There is a blindingly obvious fact being ignored in that argument: earlier projections showed what would happen if we didn’t adopt a strong response (as well as other scenarios), while new projections show where our current path sends us. The downward revision doesn’t mean the models were bad; it means we did something.

Often, the societal value of scientific “what if?” models is that we might want to change the “if.” If you calculate how soon your bank account will hit zero if you buy a new pair of pants every day, it might lead to a change in your overly ambitious wardrobe procurement plan. That’s why you crunched the numbers in the first place.

Yet complaints about “exaggerating models” are sadly predictable. All that fuss about a hole in the ozone layer, and it turns out it stopped growing! (Because we banned production of the pollutants responsible.) Acid rain was supposed to be some catastrophe, but I haven’t heard about it in years! (Because we required pollution controls on sulfur-emitting smokestacks.) The worst-case climate change scenario used to be over 4°C warming by 2100, and now they’re projecting closer to 3°C! (Because we’ve taken halting steps to reduce emissions.)

These complaints seem to view models as crystal balls or psychic visions of a future event. But they’re not. Models just take a scenario or hypothesis you’re interested in and “compute the consequences of the guess.” The result can be used to further the scientific understanding of how things work or to inform important decisions.

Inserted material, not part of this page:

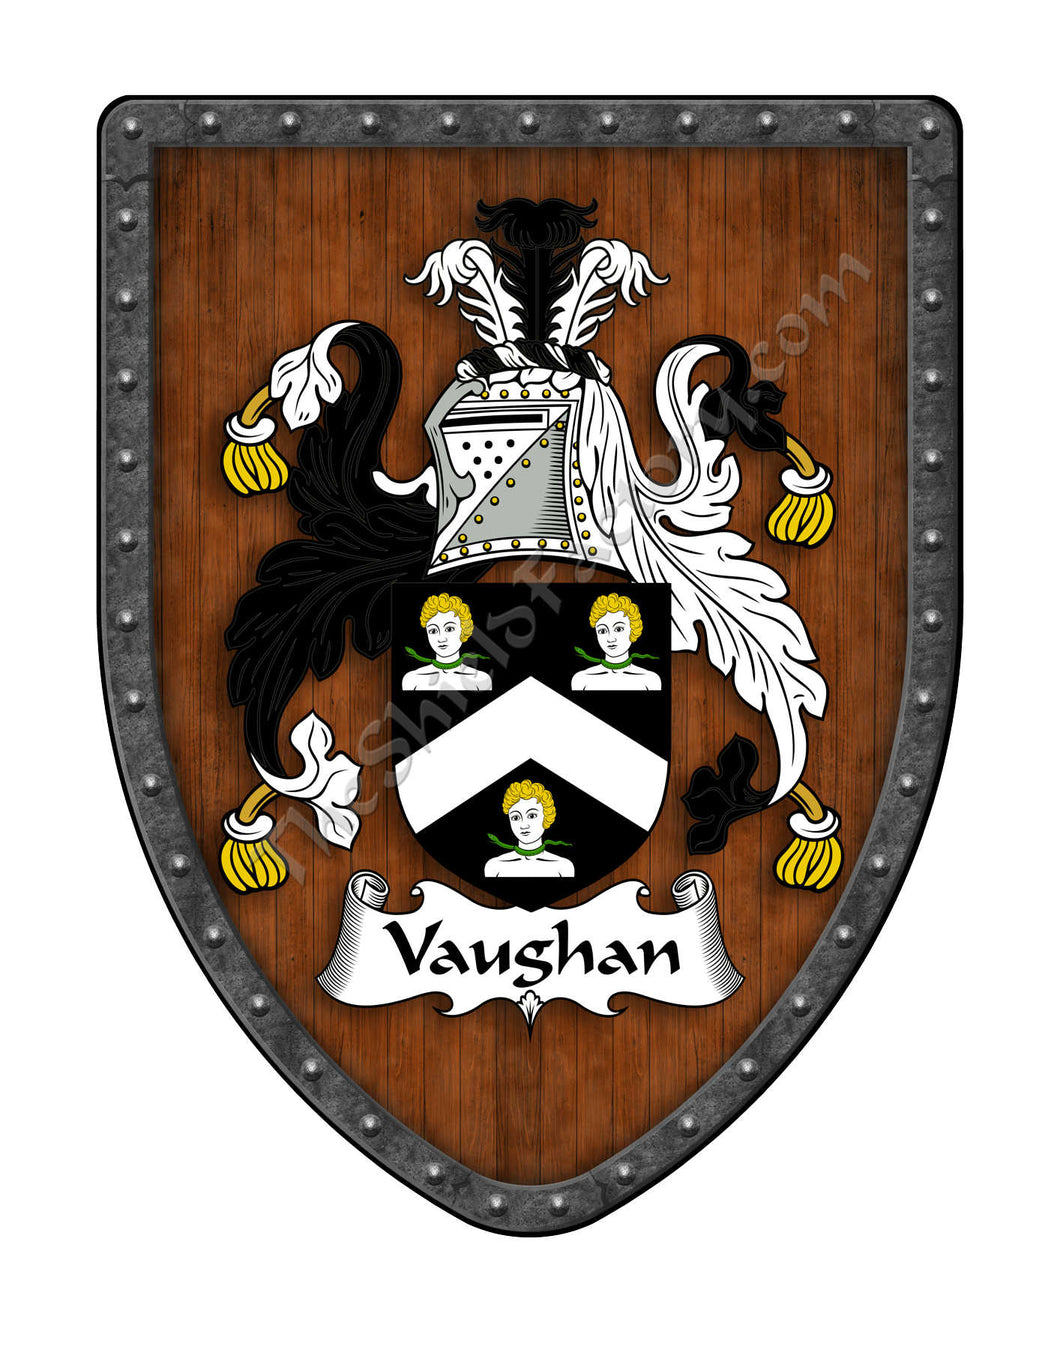 Vaughan (Wales)

What, after all, is the alternative? Could science spurn models in favor of some other method? Imagine what would happen if NASA eyeballed Mars in a telescope, pointed the rocket, pushed the launch button, and hoped for the best. Or perhaps humanity could base its response to climate change on someone who waves their hands at the atmosphere and says, “I don’t know, 600 parts per million of carbon dioxide doesn’t sound like much.”

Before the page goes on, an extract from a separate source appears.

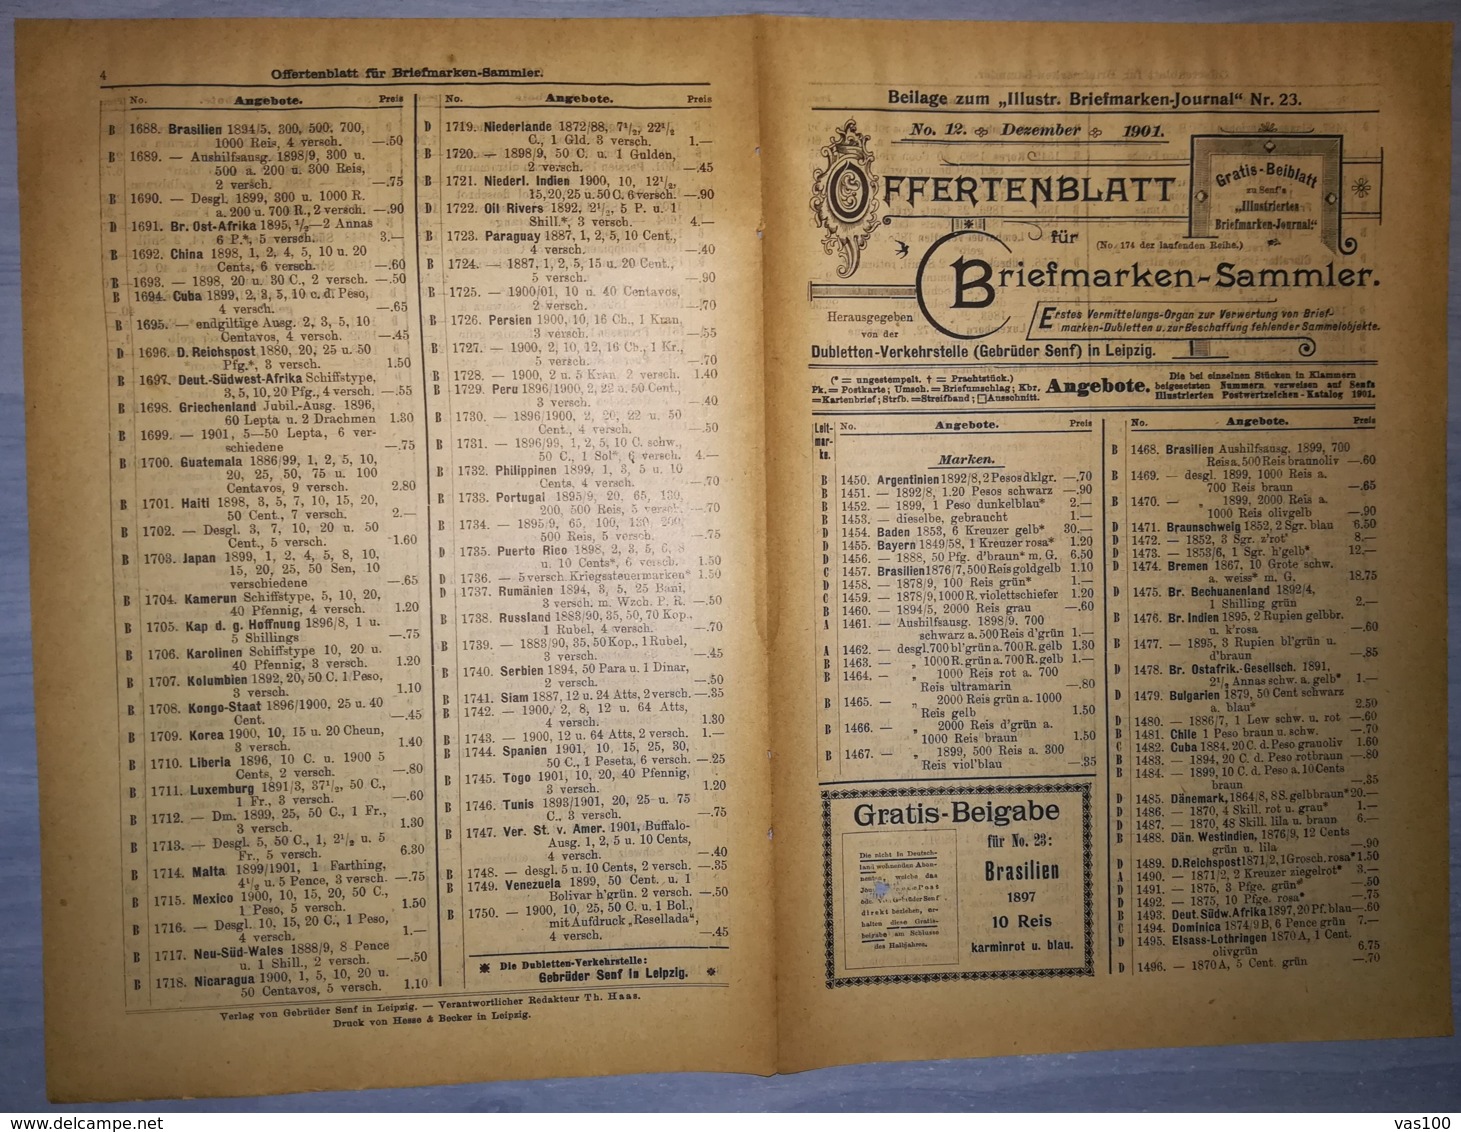 ILLUSTRATED STAMPS JOURNAL- ILLUSTRIERTES BRIEFMARKEN JOURNAL MAGAZINE SUPPLEMENT, PRICE LIST, LEIPZIG, 1901, GERMANY - German (until 1940)

Obviously these aren’t alternatives that any reasonable individual should be seriously considering.

The spread of COVID-19 is an incredibly complex process and difficult to predict. It depends on some things that are well studied (like how pathogens can spread between people), some that are partly understood (like the characteristics of the SARS-CoV-2 virus and its lethality), and some that are unknowable (like the precise movements and actions of every single American). And it has to be simulated at fairly fine scale around the country if we want to understand the ability of hospitals to meet the local demand for care.

Without computer models, we’d be reduced to back-of-the-envelope spit-balling – and even that would require conceptual and mathematical models for individual variables. The reality is that big science requires big models. Those who pretend otherwise aren’t defending some “pure” scientific method. They just don’t understand science.

We can’t strip science of models any more than we can strip it of knowledge.